_Requirement_: Reproduce the listing below exactly. Pictures do not belong in the copy.

_Source material_:
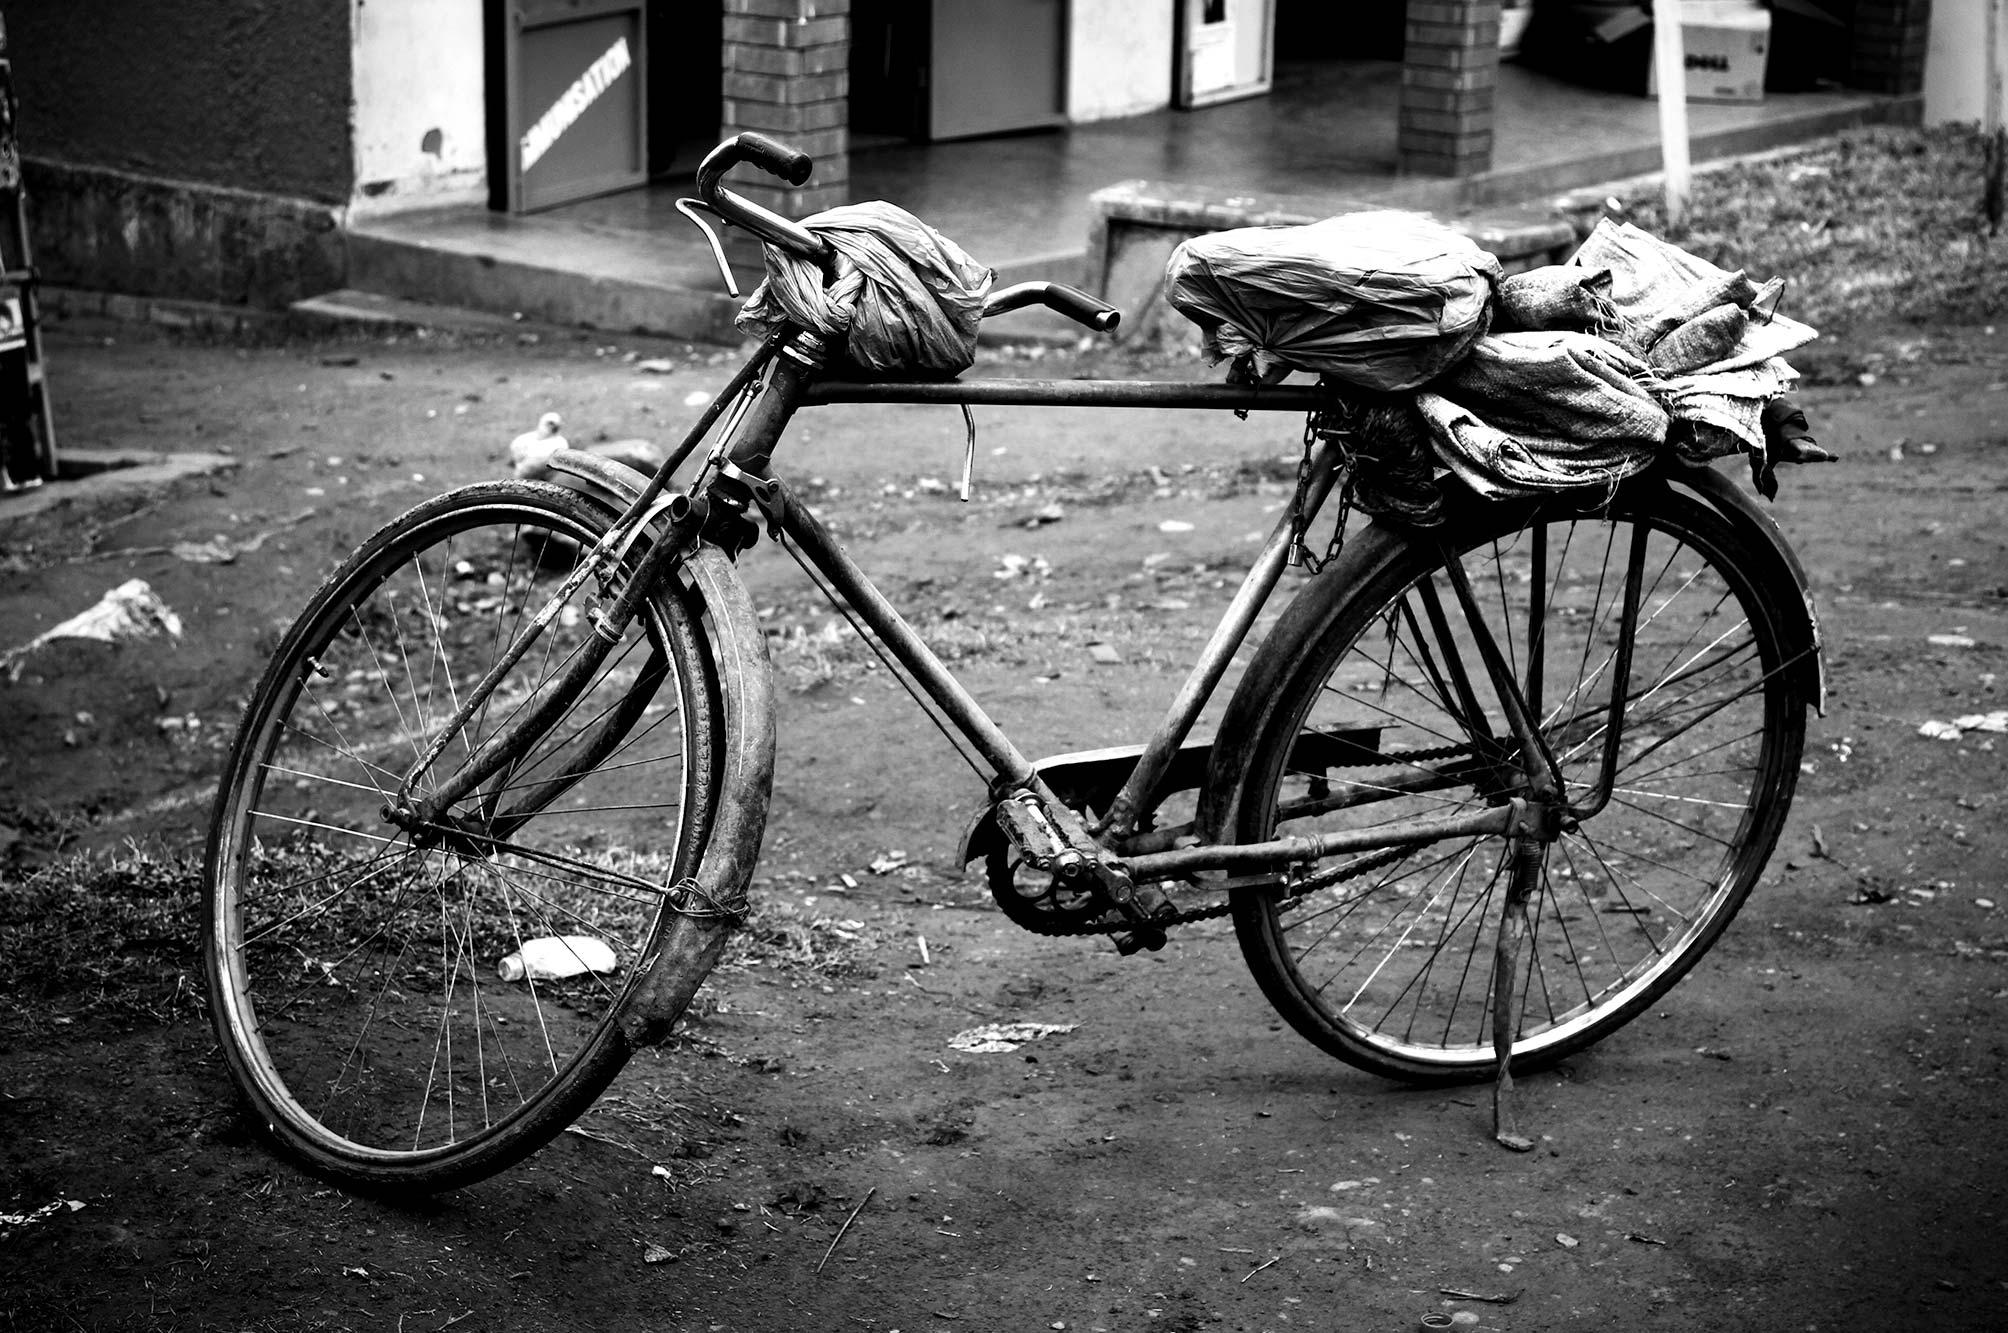 Uganda Bike with rack on the back
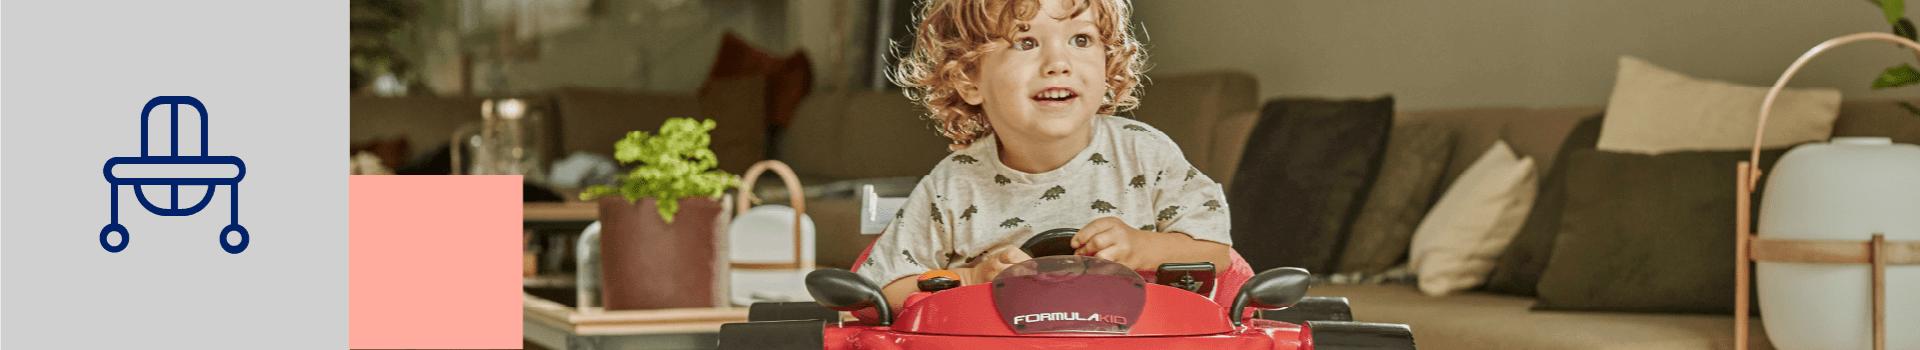 Girelli Jané e accessori per i primi passi del bambino | Janéworld
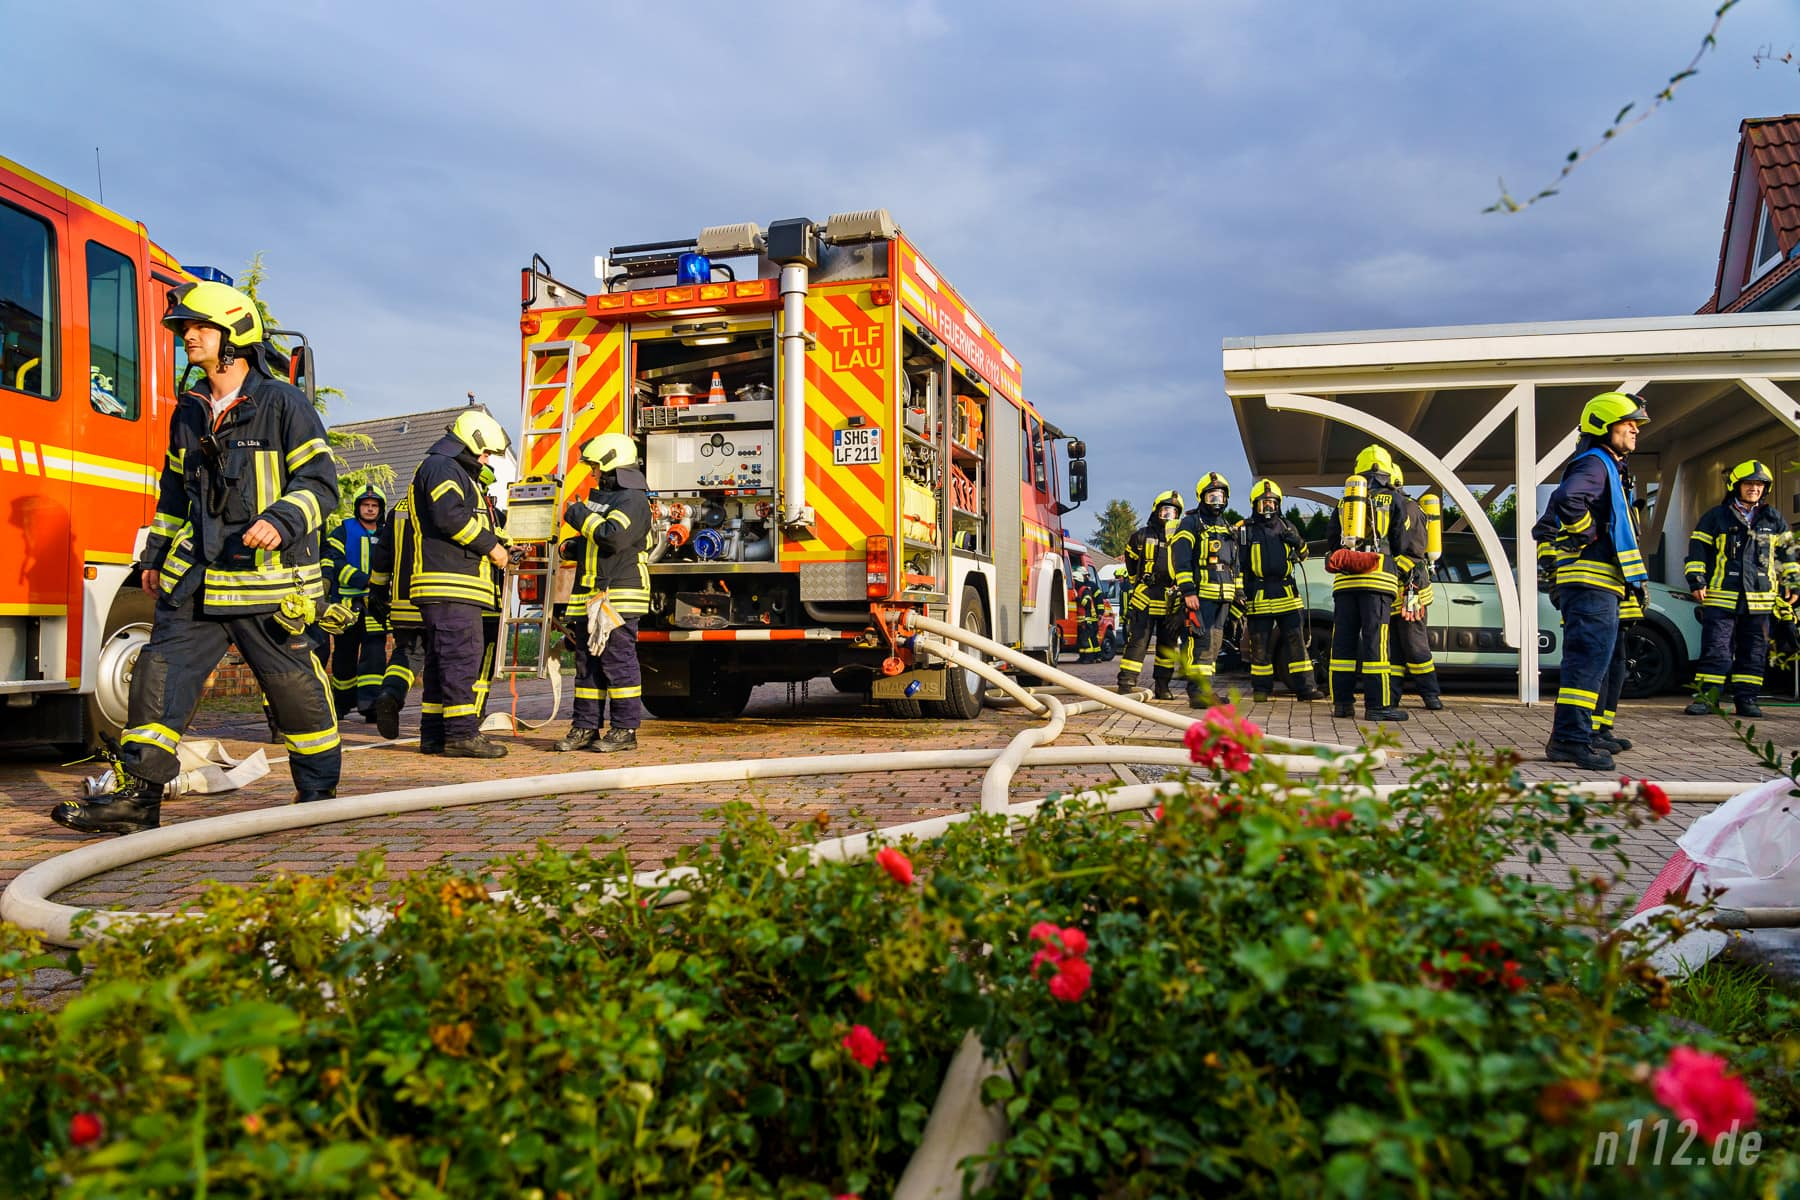 Sieht chaotisch aus, ist aber alles nach Plan: Eine Schlauchleitung führt vom Hydranten zum TLF 3000 der Feuerwehr Lauenau, eine weitere zum Verteiler mit dem Löschangriff (Foto: n112.de/Stefan Simonsen)
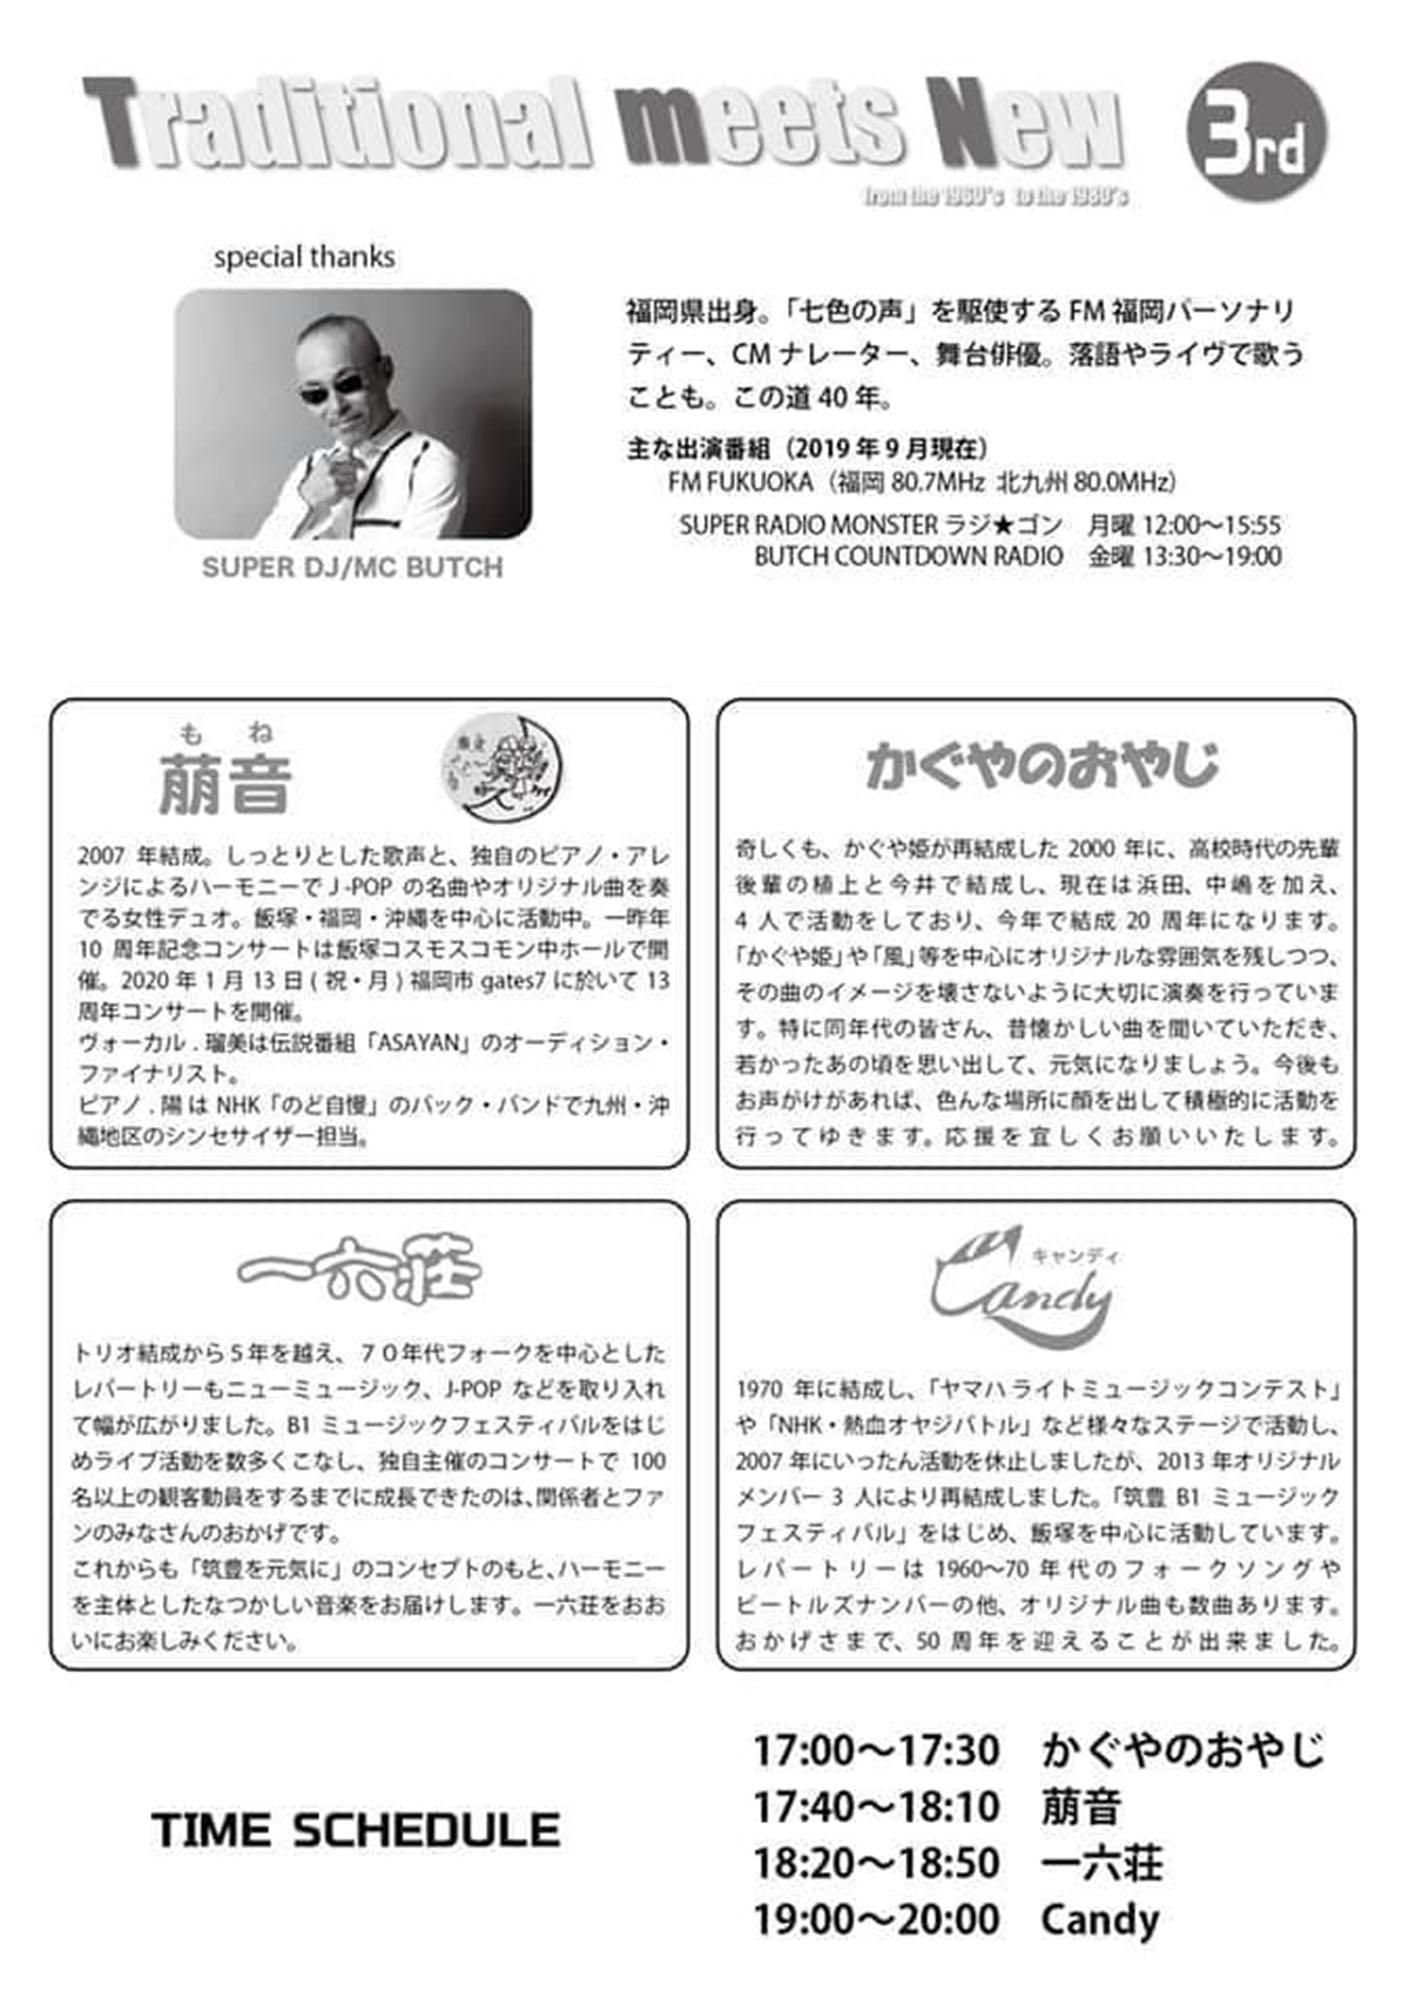 Traditionai meets New 3rd キャンディ結成50周年ライブ

_Solution below_:
 Uganda Bike with rack on the back
 Girelli Jané e accessori per i primi passi del bambino | Janéworld
 Sieht chaotisch aus, ist aber alles nach Plan: Eine Schlauchleitung führt vom Hydranten zum TLF 3000 der Feuerwehr Lauenau, eine weitere zum Verteiler mit dem Löschangriff (Foto: n112.de/Stefan Simonsen)
 Traditionai meets New 3rd キャンディ結成50周年ライブ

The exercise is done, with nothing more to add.